#### Your assignment
Only the pictures should be left out; write out all other data exactly.

#### Source material
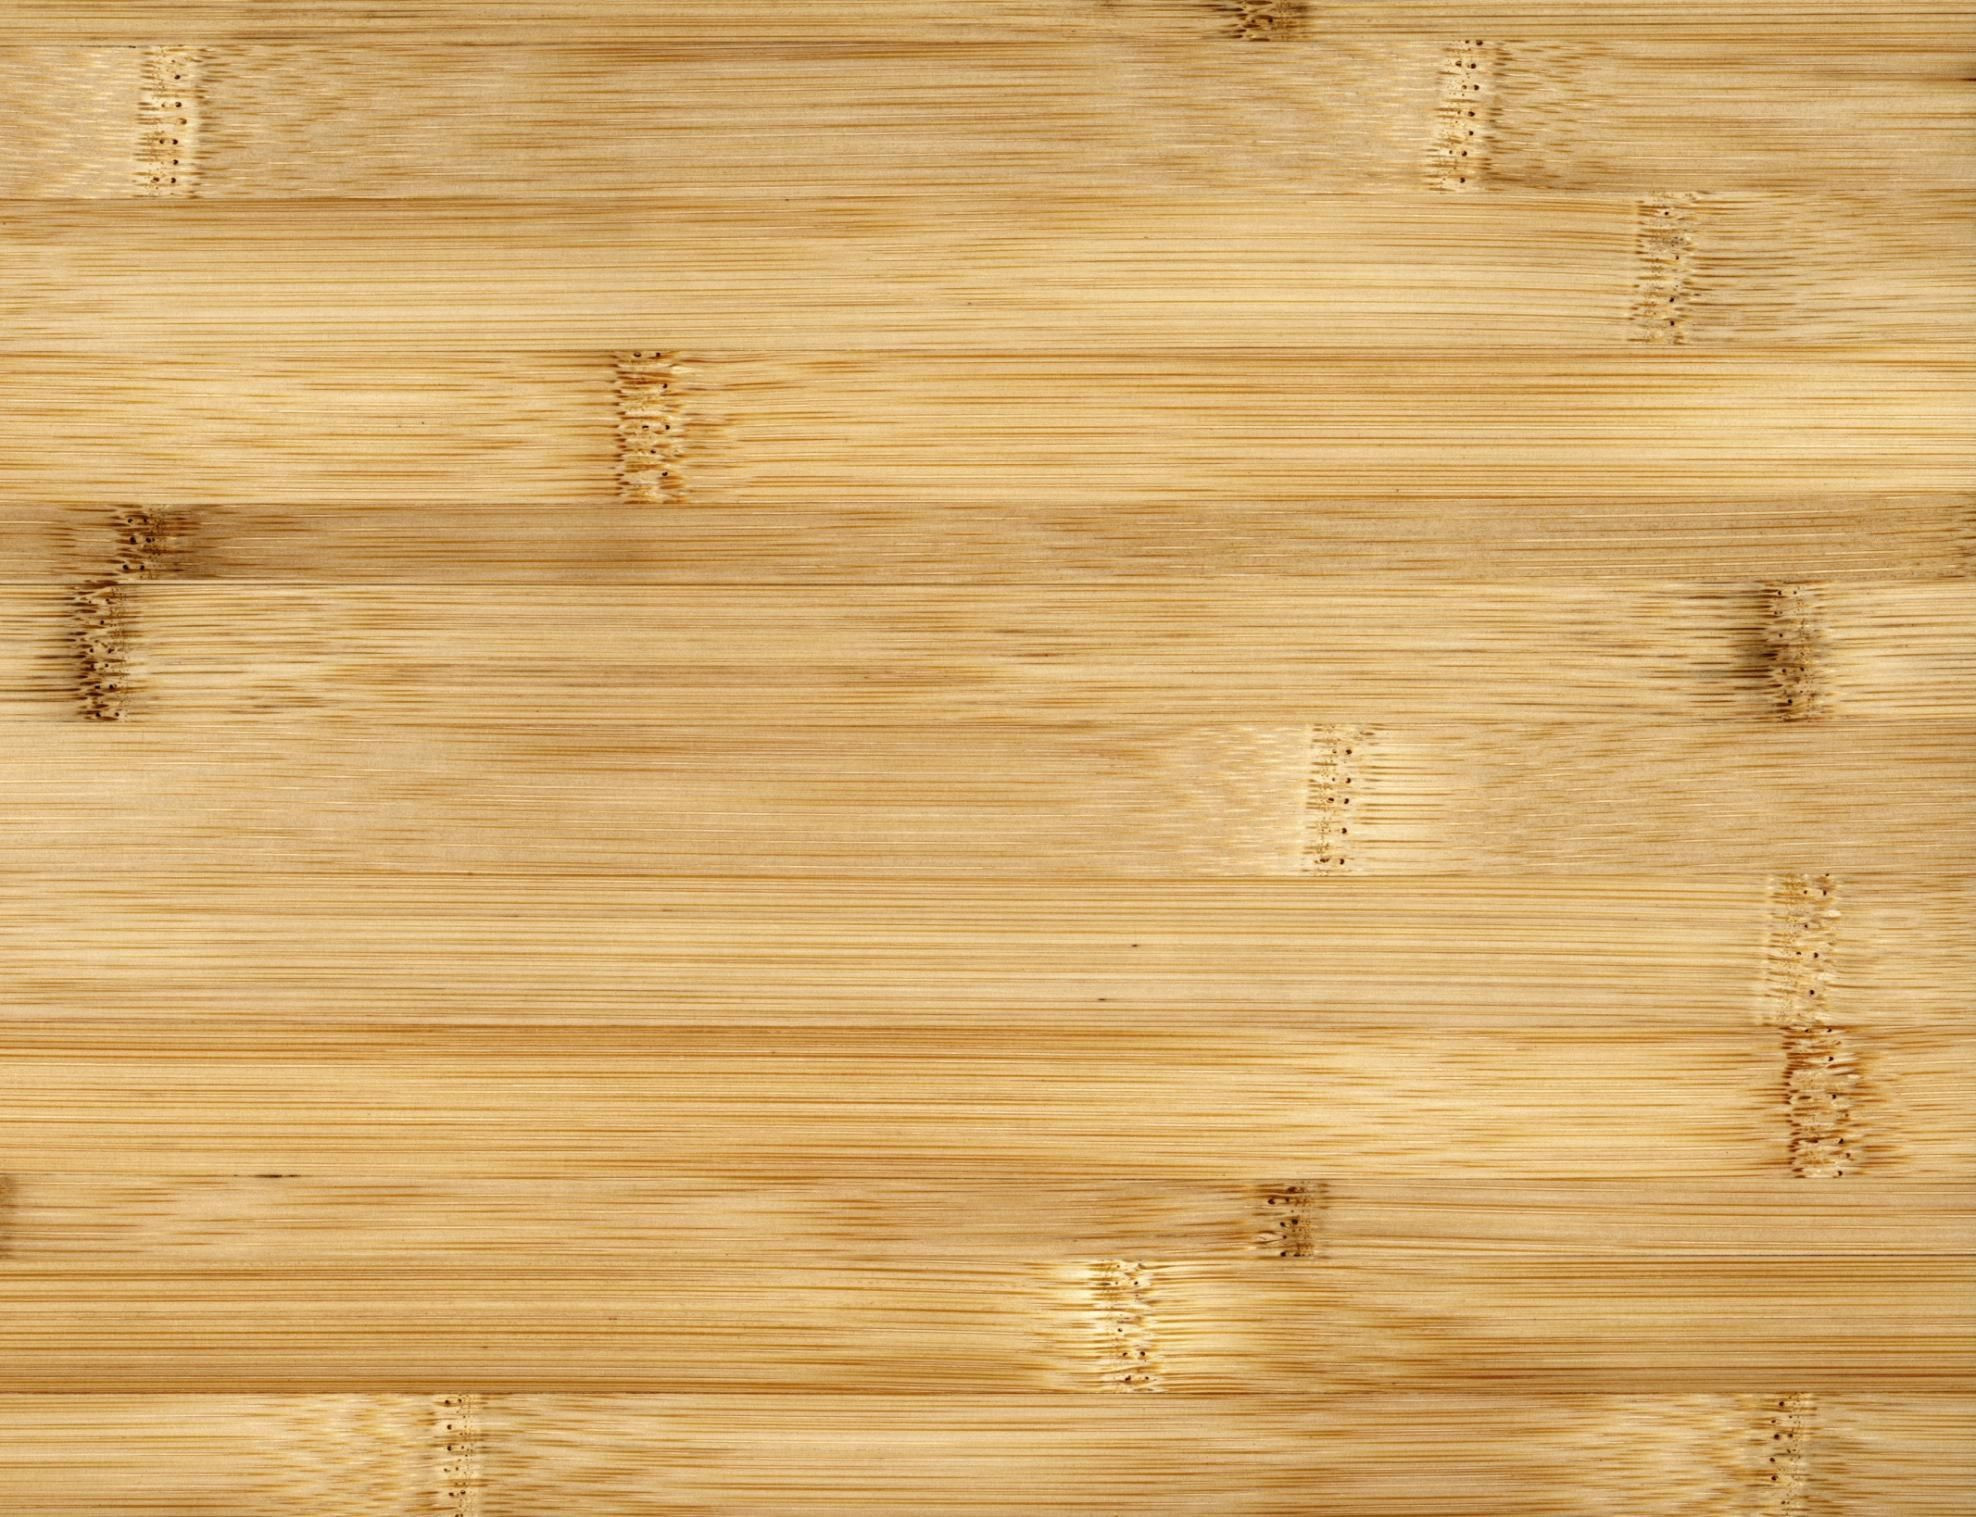 26 Wonderful Red Bamboo Floor Vase 2024 free download red bamboo floor vase of 18 new bamboo floors pics dizpos com in bamboo floors fresh 50 beautiful redoing hardwood floors 50 s stock of 18 new bamboo floors
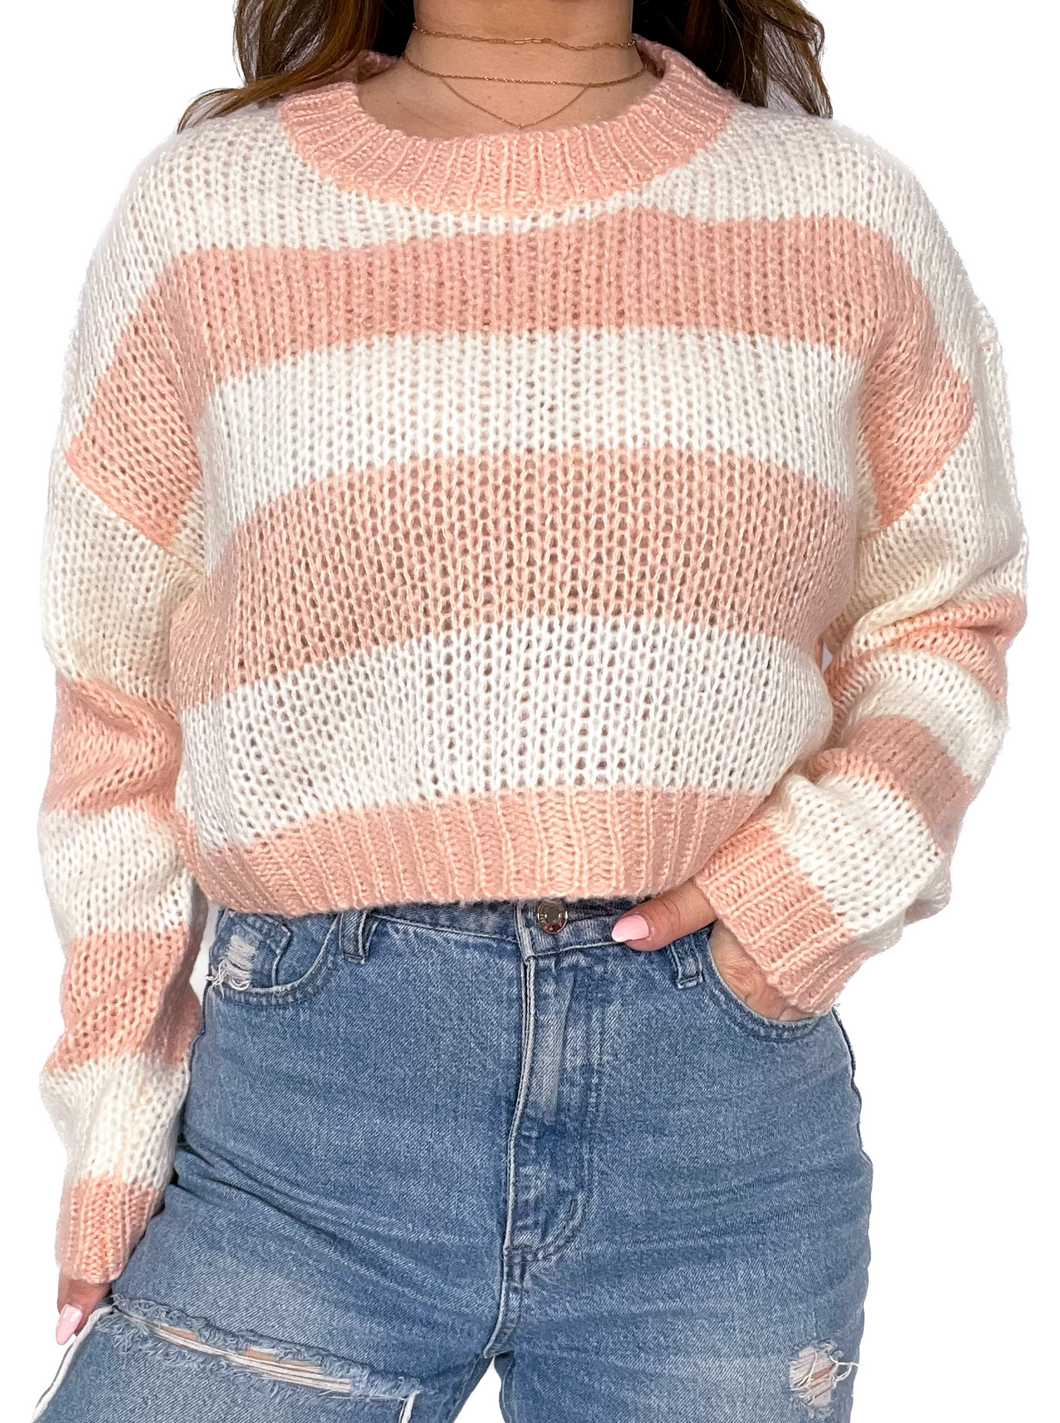 Spring Fling Sweater
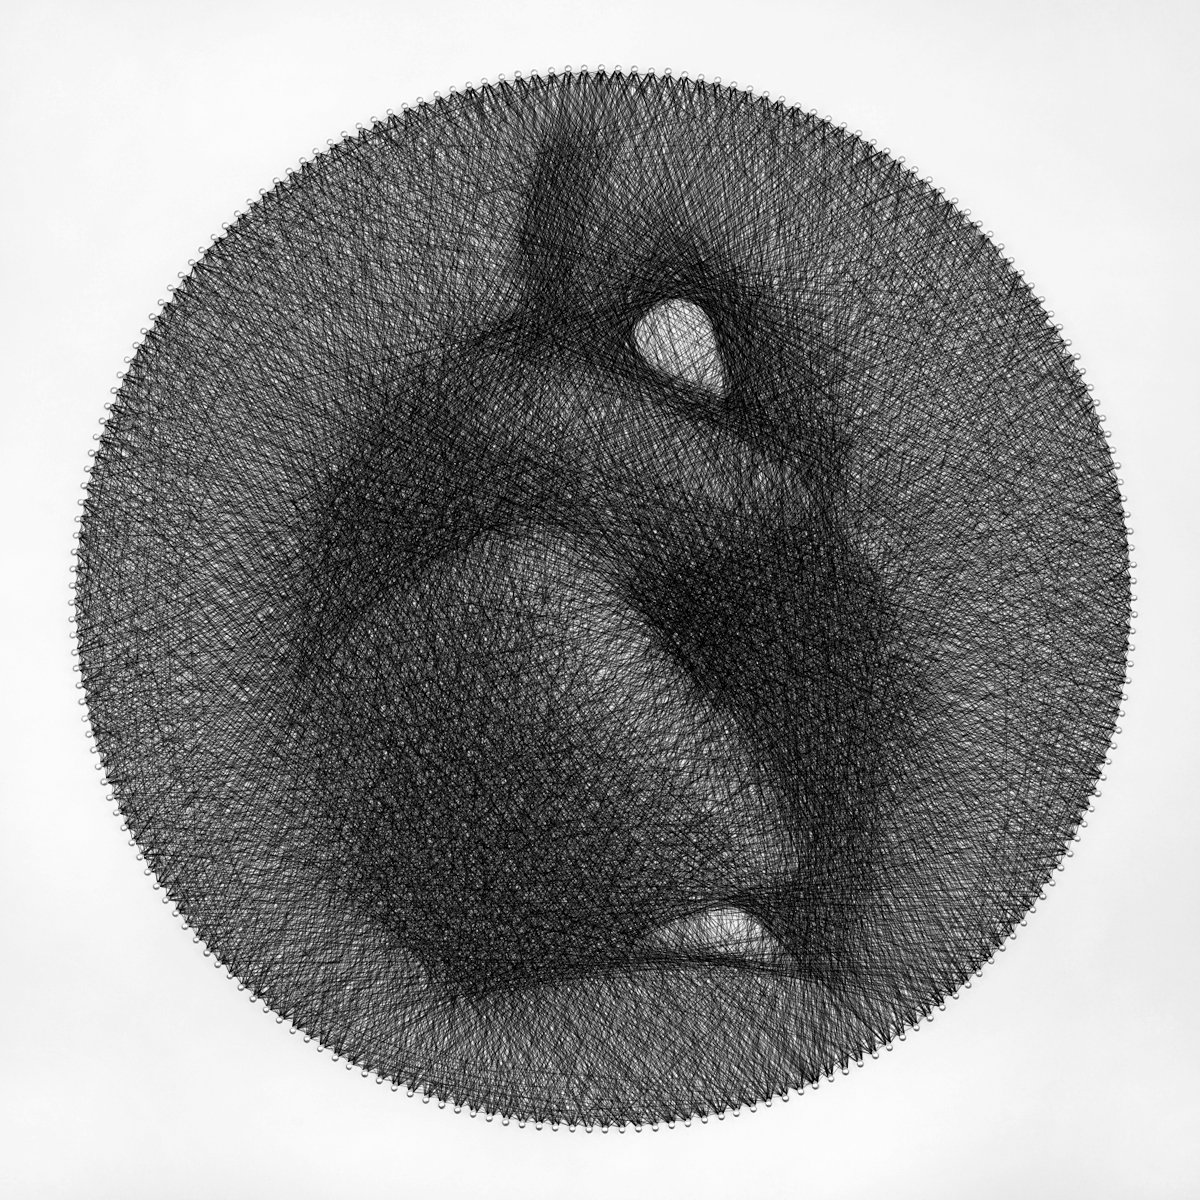 Standalone Anthropomorphic Volume String Art Sculpture by Andrey Saharov

#### Solution
 26 Wonderful Red Bamboo Floor Vase 2024 free download red bamboo floor vase of 18 new bamboo floors pics dizpos com in bamboo floors fresh 50 beautiful redoing hardwood floors 50 s stock of 18 new bamboo floors
 Spring Fling Sweater
 Standalone Anthropomorphic Volume String Art Sculpture by Andrey Saharov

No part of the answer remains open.